La lune brillait anormalement ce soir. Son éclat en était même éblouissant. Le vent soufflait

fort. Ce n’était pas normal.

En fermant les yeux, je sentais que les éléments étaient extrêmement agités. Le vent me

chuchotait entre ses rafales :

- Ça commence.

- Qu’est-ce qui commence ?

- La grande bataille. L’avenir de notre monde.

- Qui se bat ?

- Le rêve et le cauchemar.

Légèrement déstabilisée par cette parole, mon interlocuteur s’en alla aussitôt, filant à toute allure

entre les pans des montagnes. En posant la main sur Mère Terre, je la sentis inquiète. Les animaux se

terraient dans leurs tanières sans demander leur reste. Les nuages craquèrent et la pluie se déversa

sur les paysages environnants. Je me tenais seule, au milieu des ombres, dans le silence le plus total,

trempée par la pluie, au milieu des éléments agités et inquiets.

Le rêve et le cauchemar livrés dans une terrible bataille ? Ce serait terrible pour notre monde. Car je

savais une chose…

Le rêve et le cauchemar sont intimement liés. L’un ne peut exister sans l’autre…

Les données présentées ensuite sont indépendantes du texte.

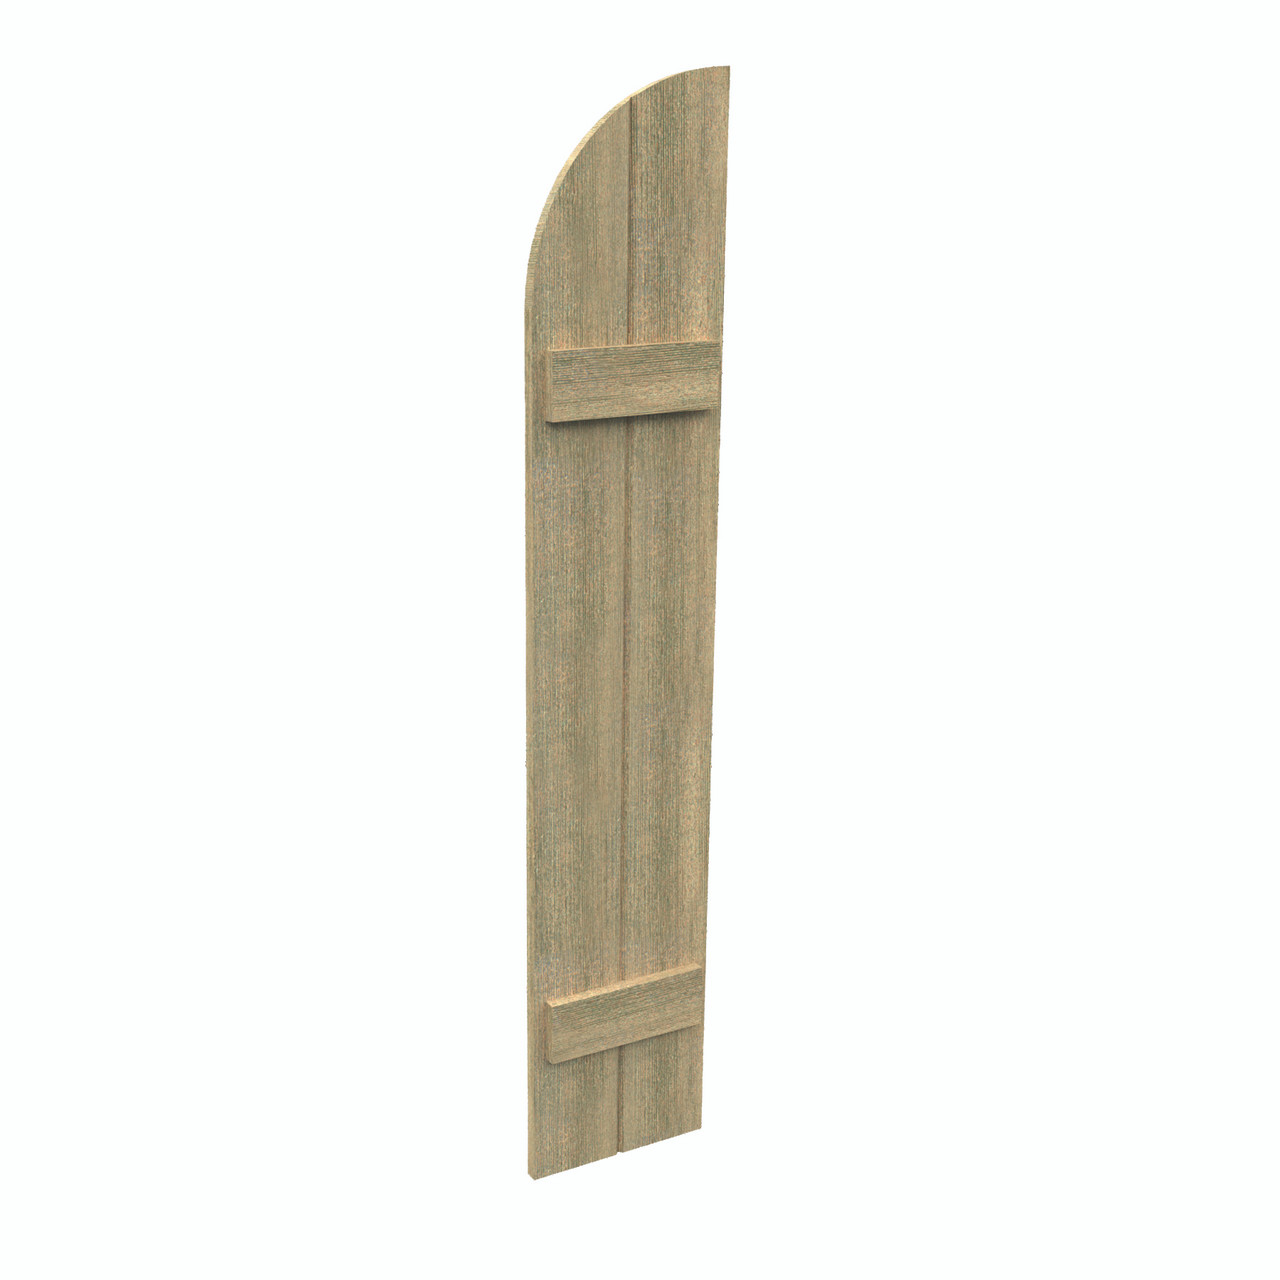 12 inch by 71 inch Quarter Round Shutter with 2-Boards

La destruction de l’un entraînerait irrémédiablement la disparition de l’autre…

Je suis désolée Ælwynn, accorde-moi cette seconde d’absence, laisse-moi écouter la trame de cette

bataille.

Aussi m’étais-je agenouillée dans la terre meuble, sous la pluie battante, livrée aux caprices des

éléments, pour m’unir aux rêves de ce monde, et écouter la fin de cette histoire.